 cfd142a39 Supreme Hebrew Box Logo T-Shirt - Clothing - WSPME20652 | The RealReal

--

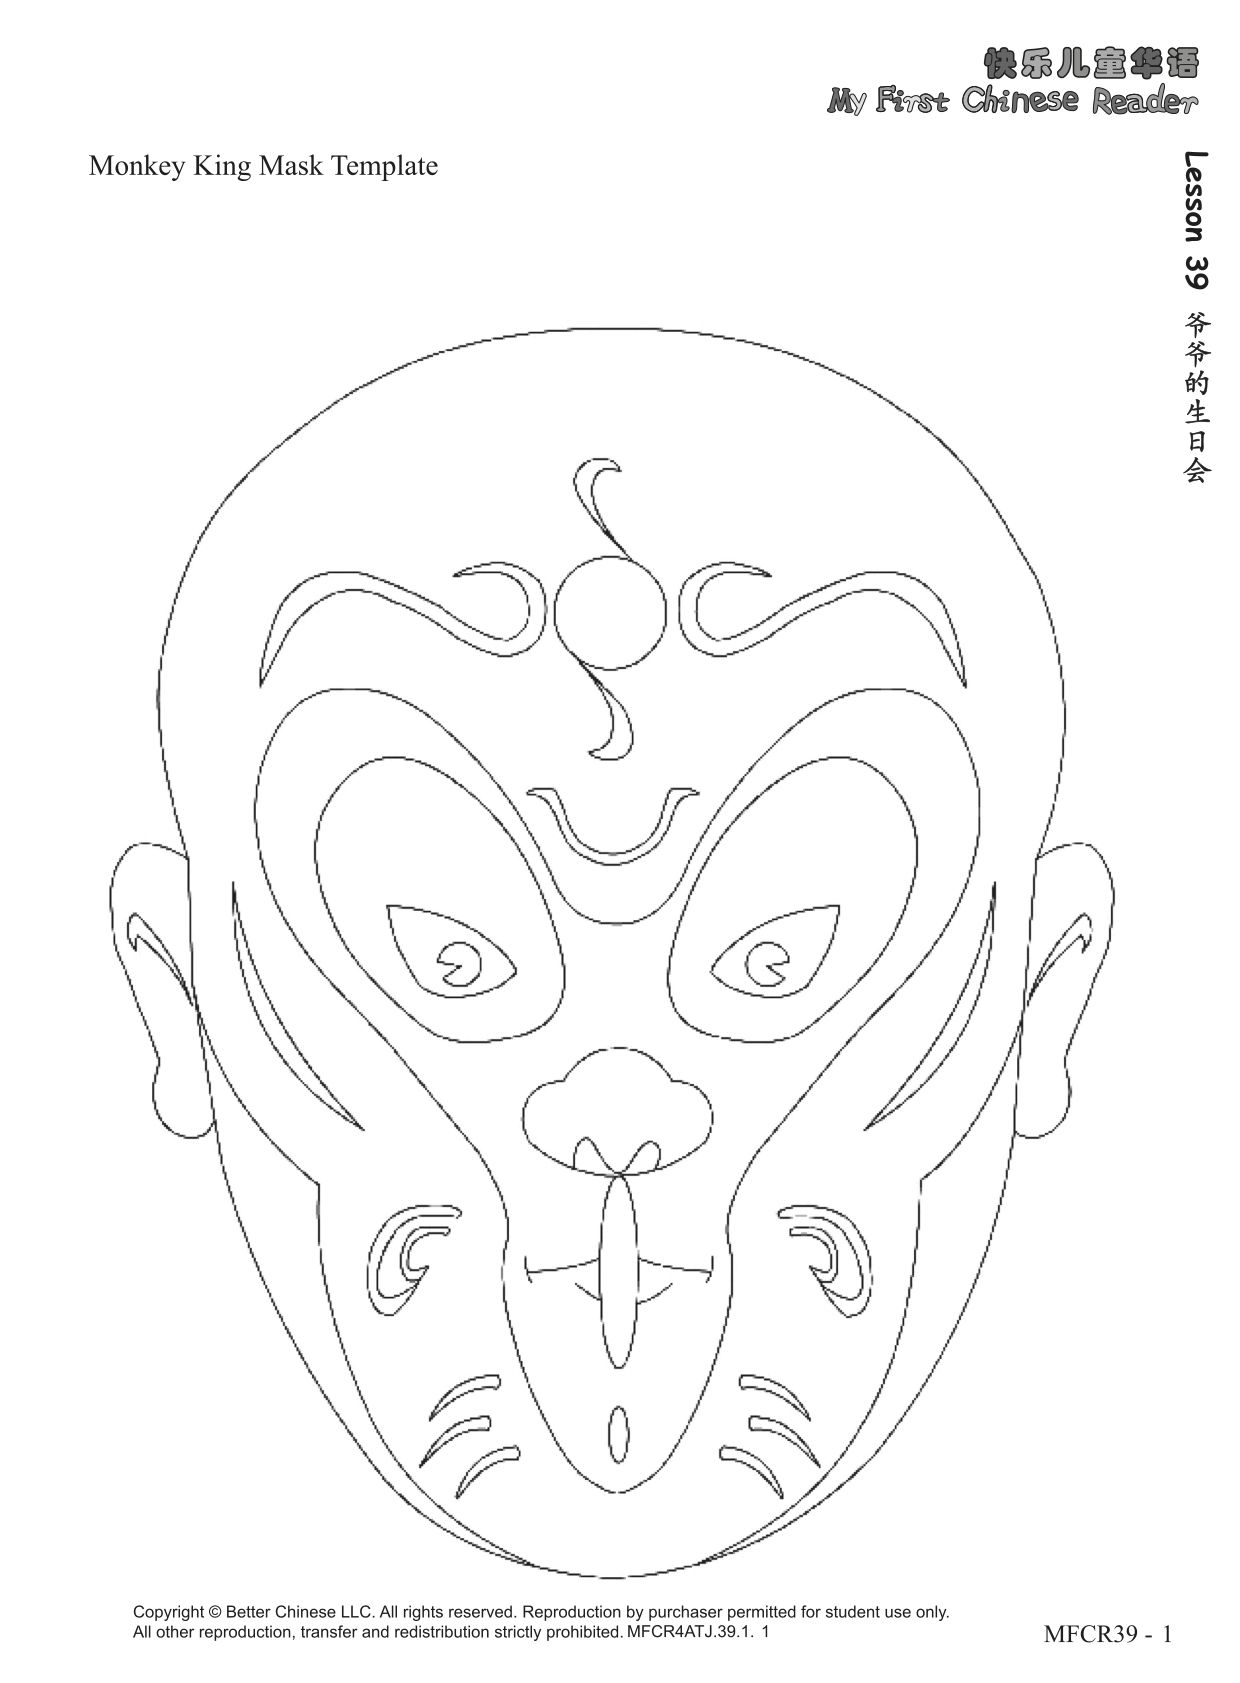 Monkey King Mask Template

==

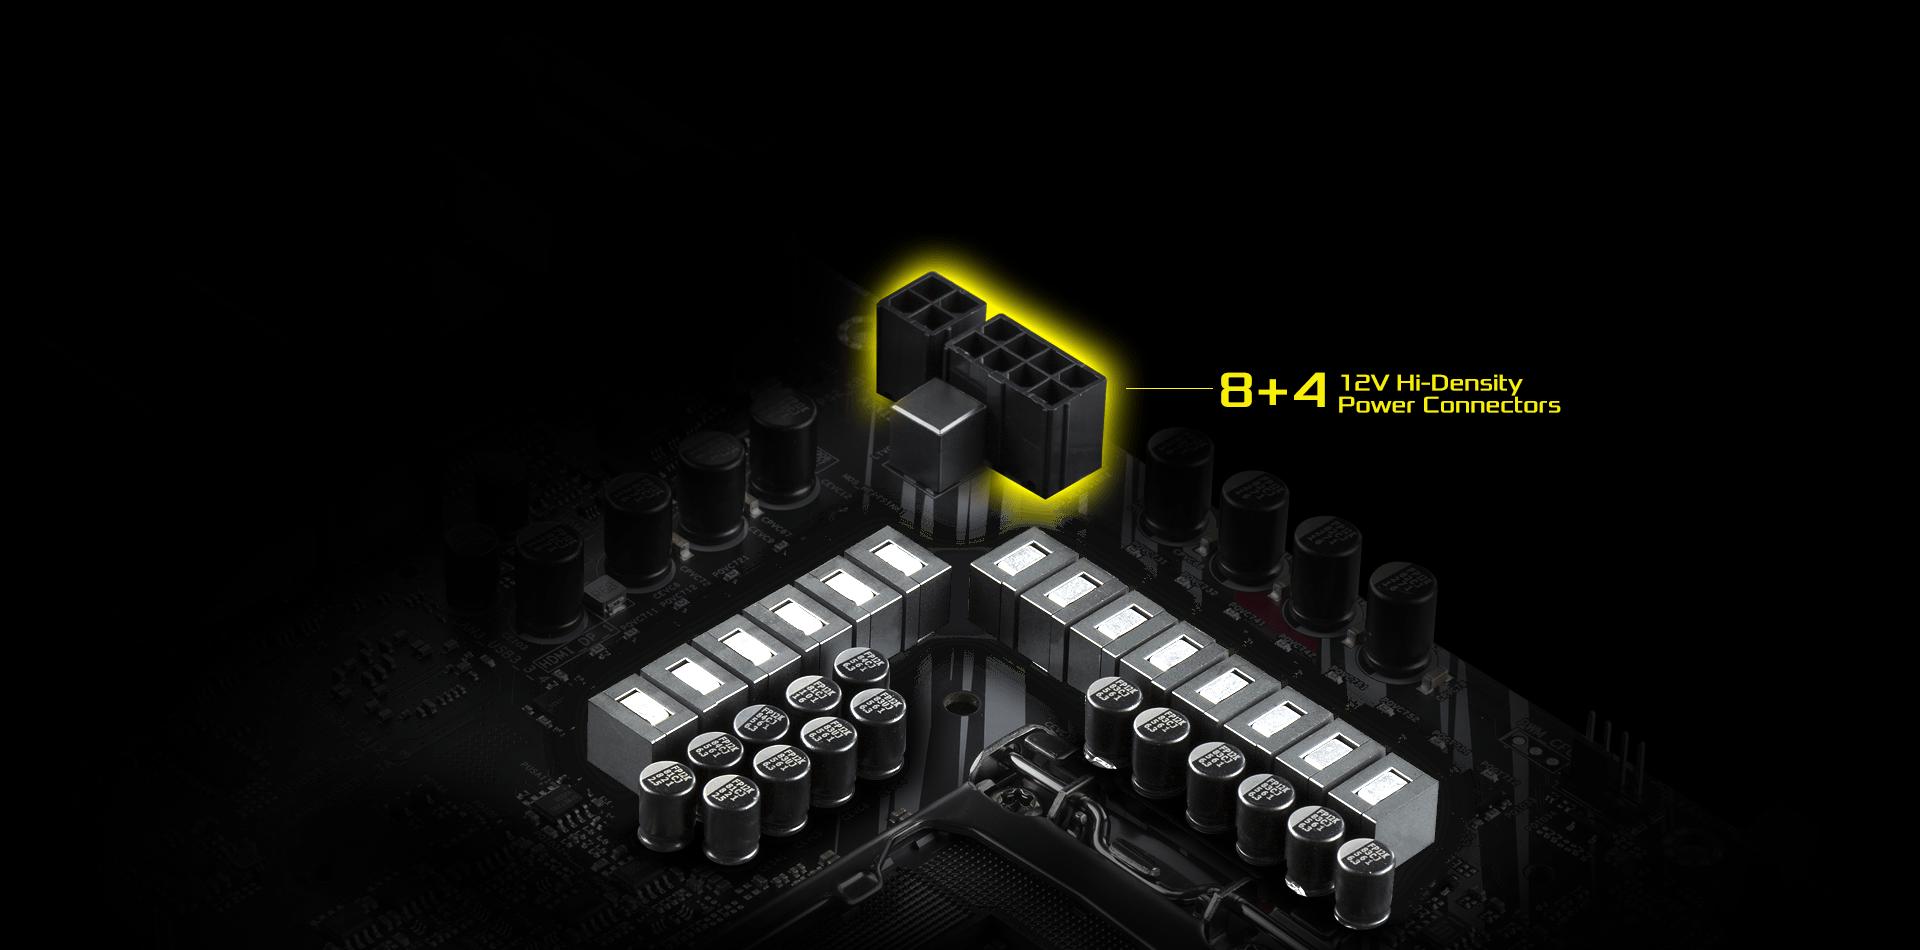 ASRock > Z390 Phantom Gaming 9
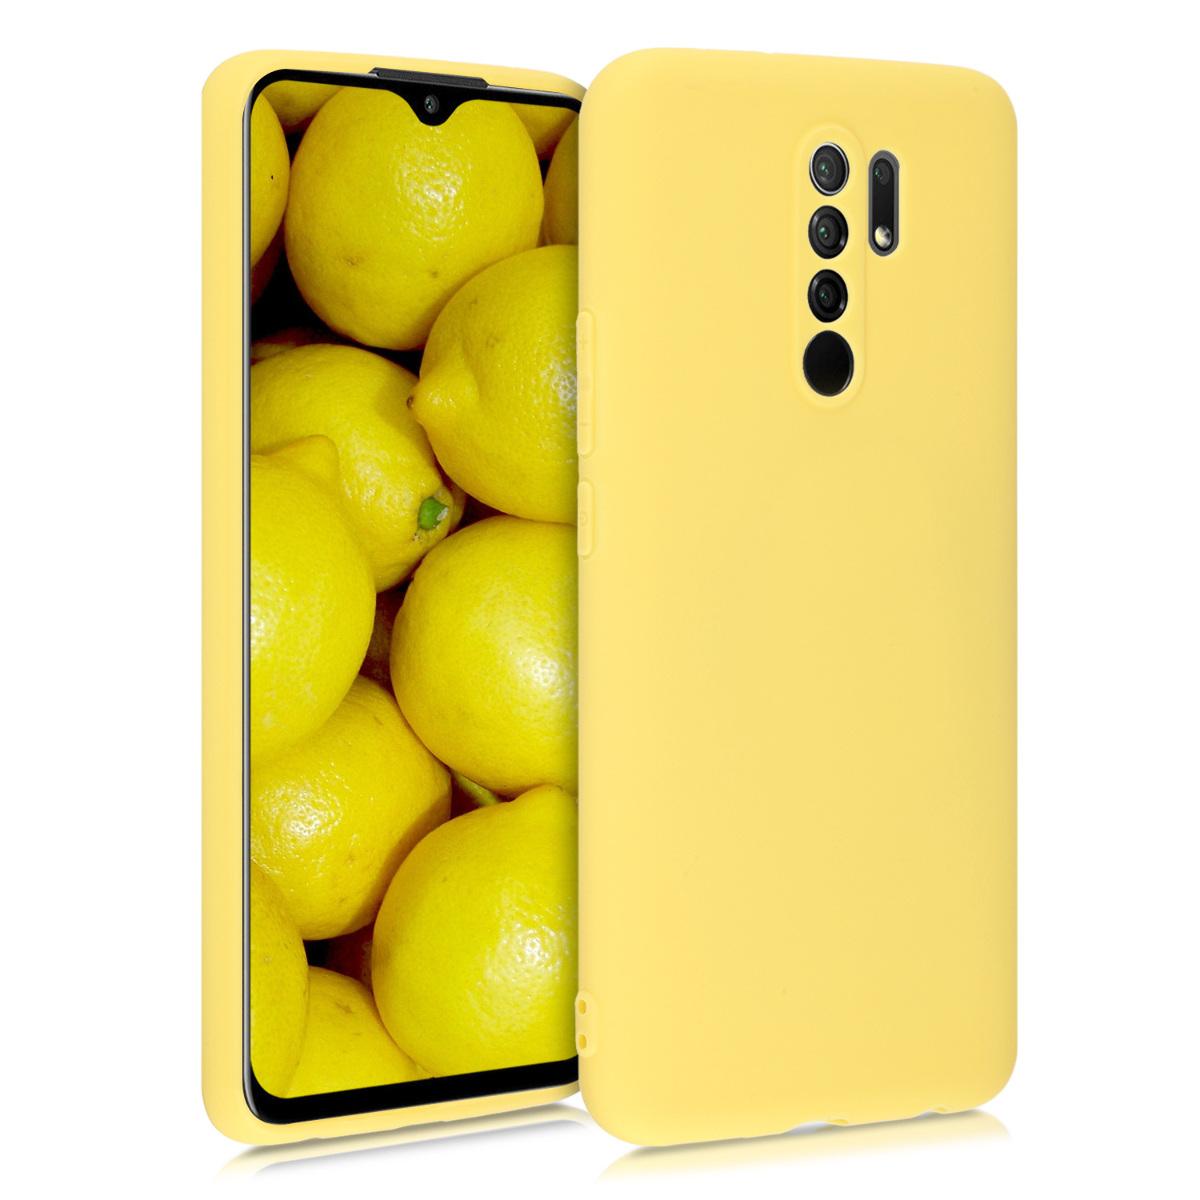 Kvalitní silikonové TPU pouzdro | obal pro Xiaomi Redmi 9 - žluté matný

§ Problem details:
Everything above from the line containing "ASRock > Z390 Phantom Gaming 9" through the line containing "Kvalitní silikonové TPU" must be repeated exactly, and the pictures must be left out.

§ Result of this task:
 ASRock > Z390 Phantom Gaming 9
 Kvalitní silikonové TPU pouzdro | obal pro Xiaomi Redmi 9 - žluté matný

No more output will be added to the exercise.